_WHAT YOU NEED TO DO_. For the data below, retype word for word the lines from the one containing "Designtorget Läsglasögon DT Rund Grön +1,5" through the one containing "Quiz Worksheet Assessment"; drop the pictures.

_DATA LISTING_.
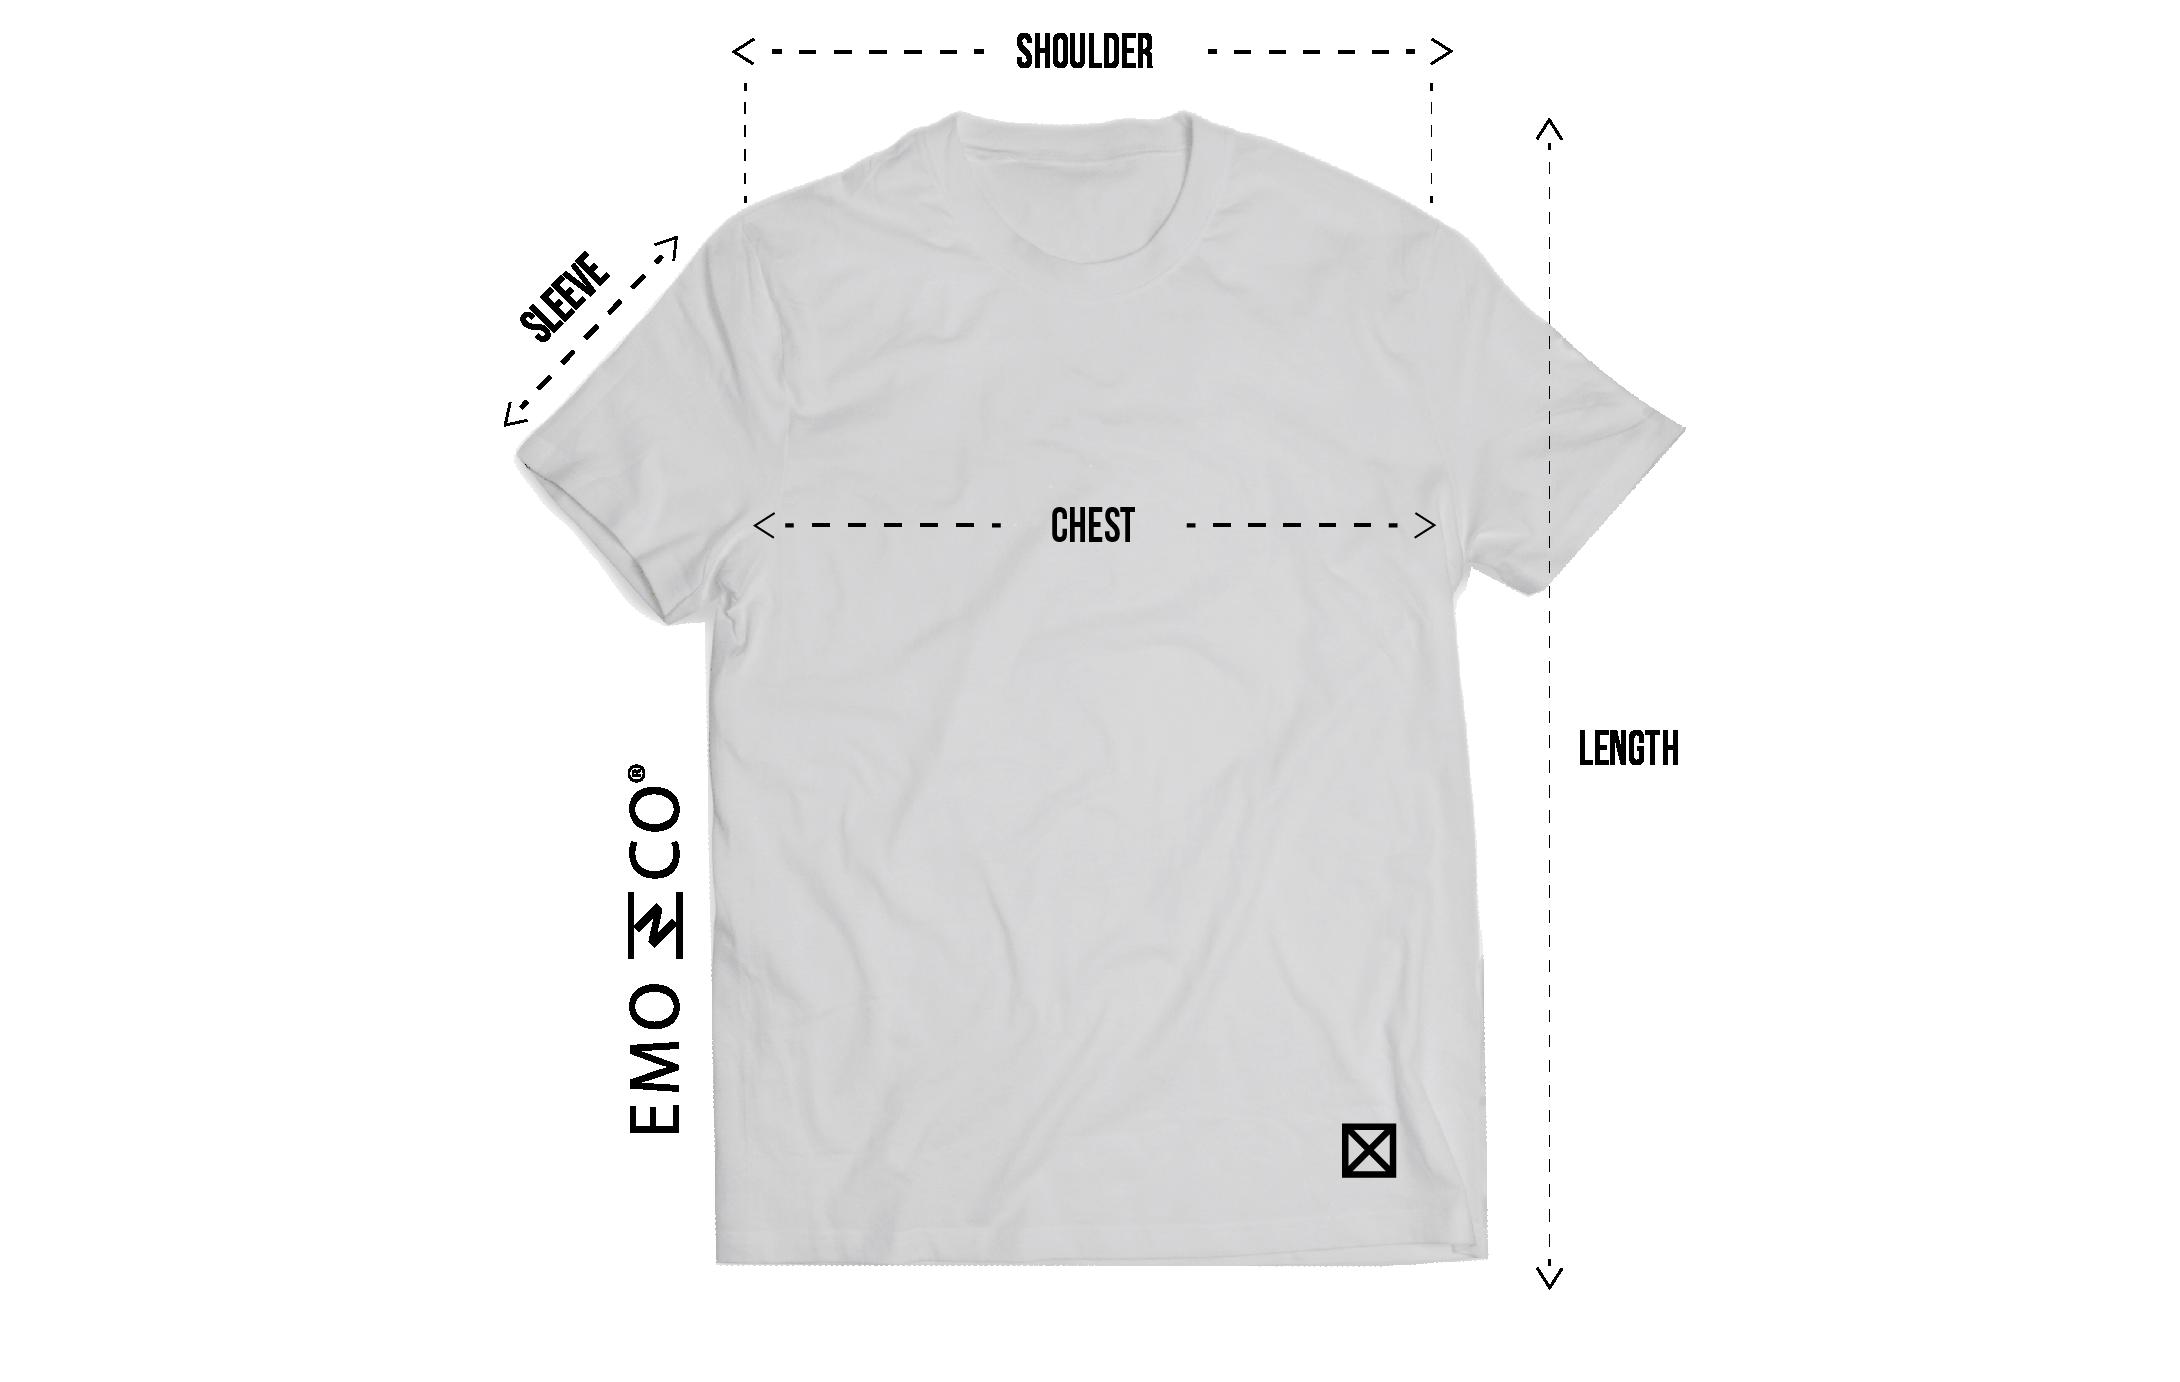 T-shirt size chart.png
--
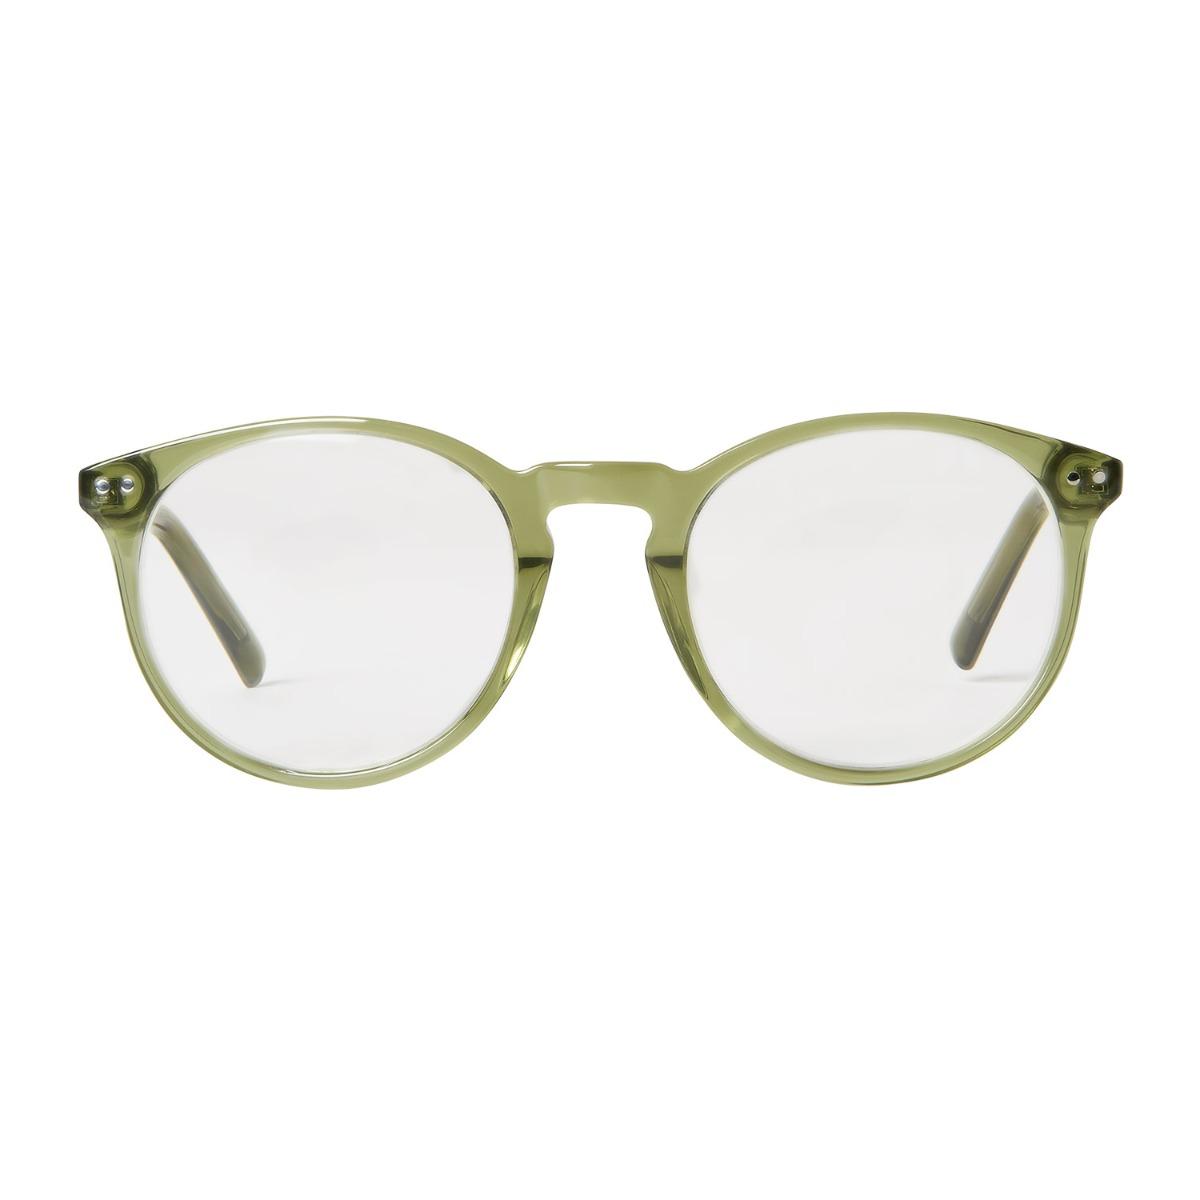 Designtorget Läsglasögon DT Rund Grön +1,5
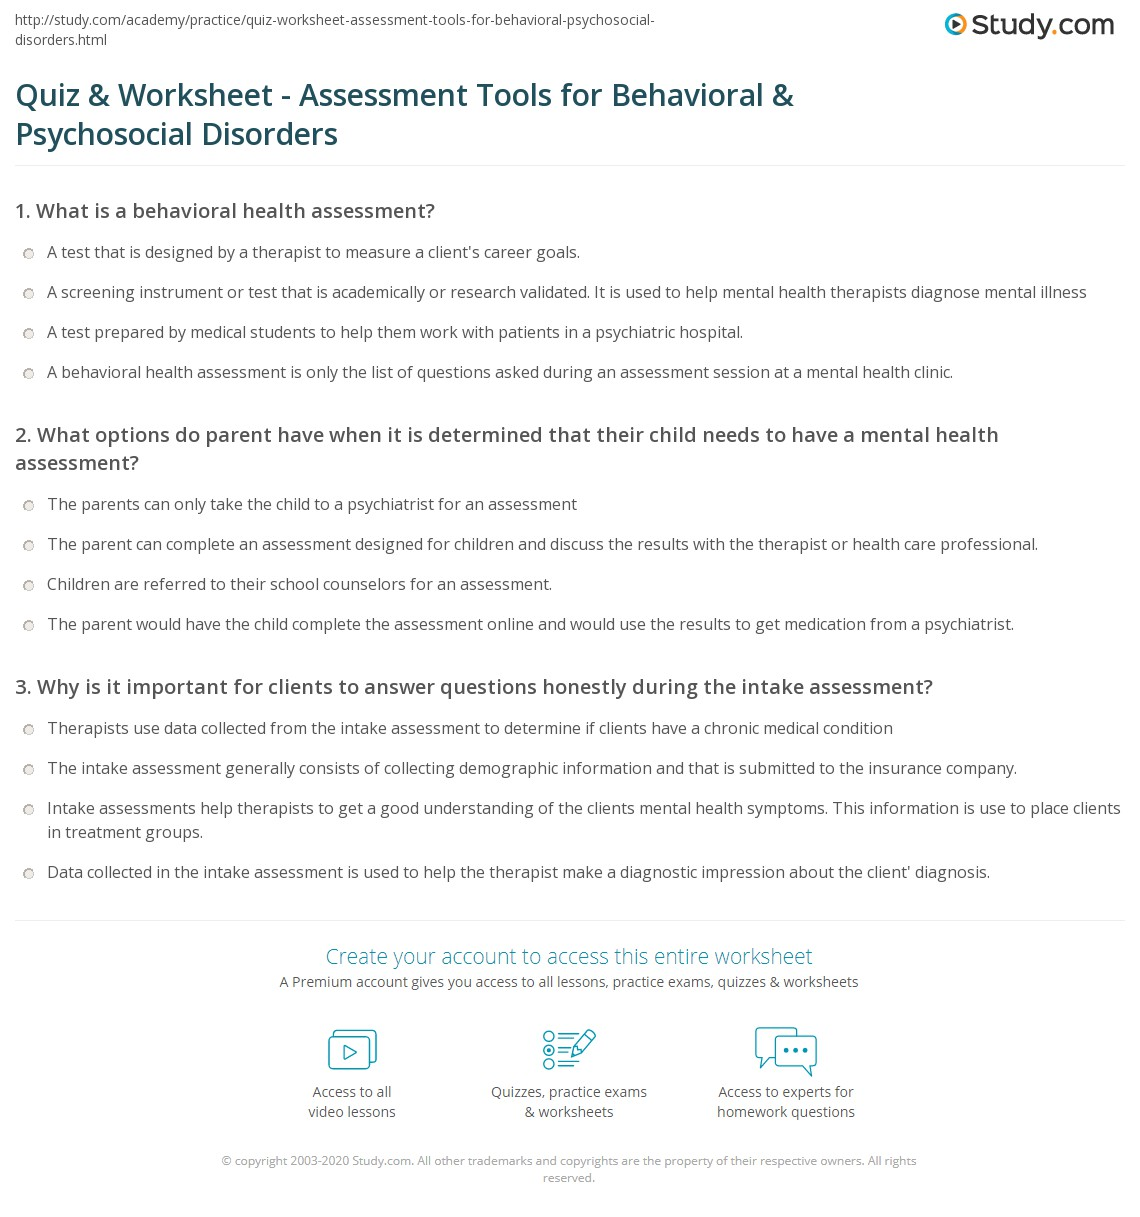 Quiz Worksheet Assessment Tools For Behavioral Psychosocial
* * *
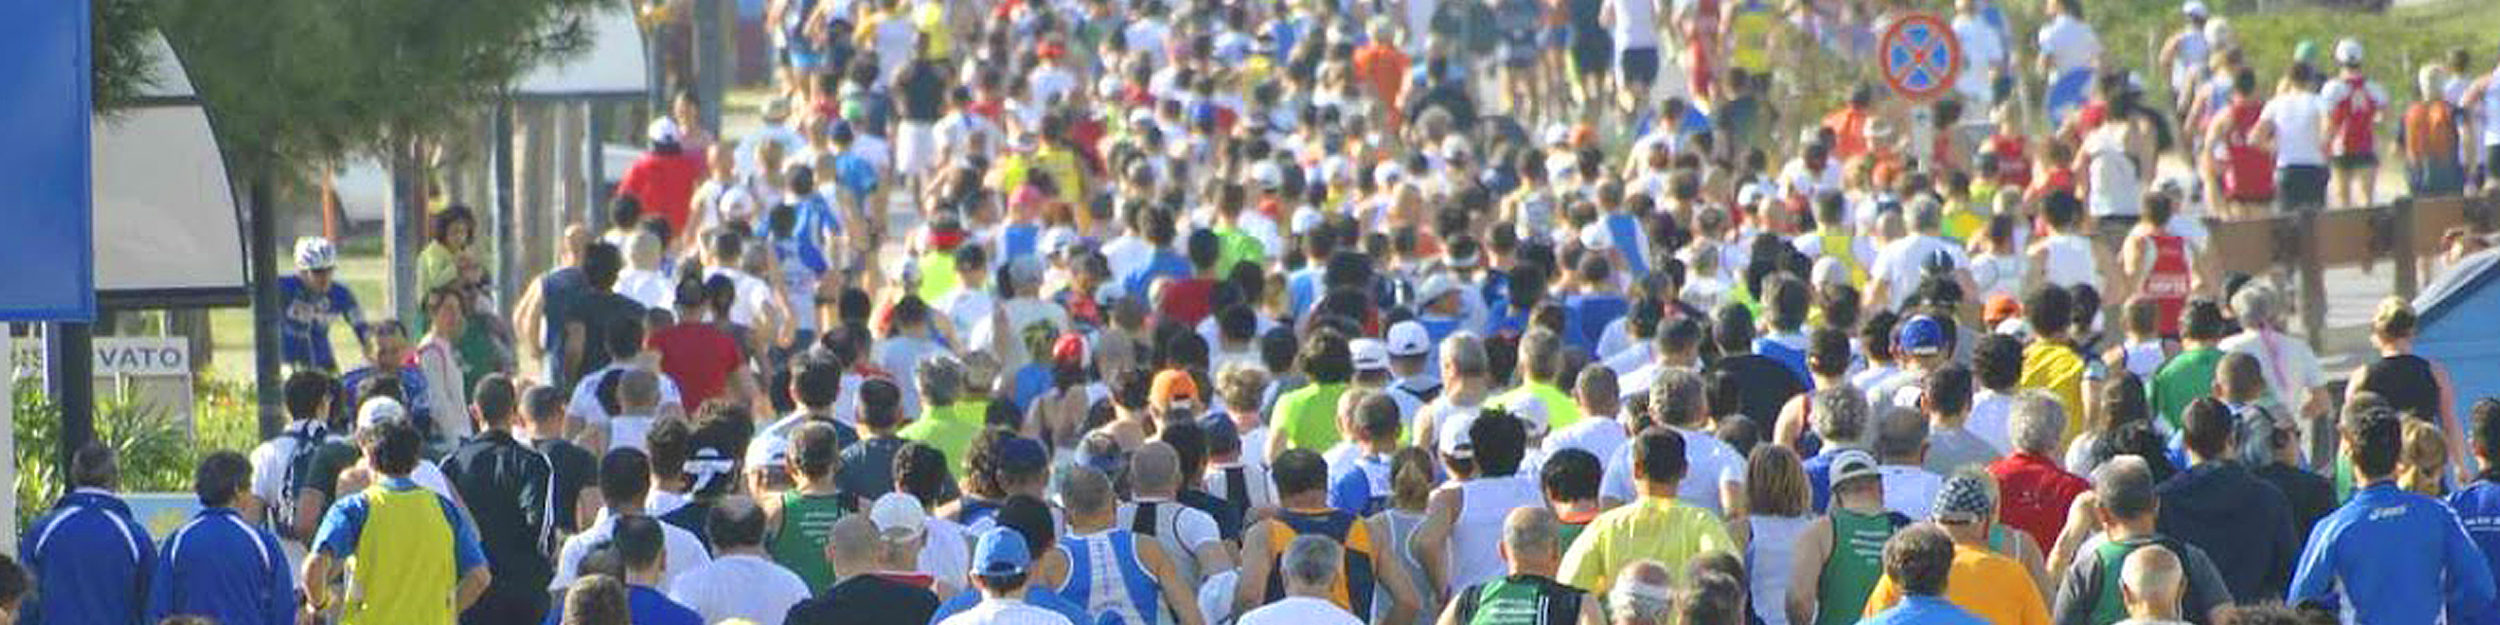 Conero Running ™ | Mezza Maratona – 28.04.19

_ANSWER TO THIS EXERCISE_.
 Designtorget Läsglasögon DT Rund Grön +1,5
 Quiz Worksheet Assessment Tools For Behavioral Psychosocial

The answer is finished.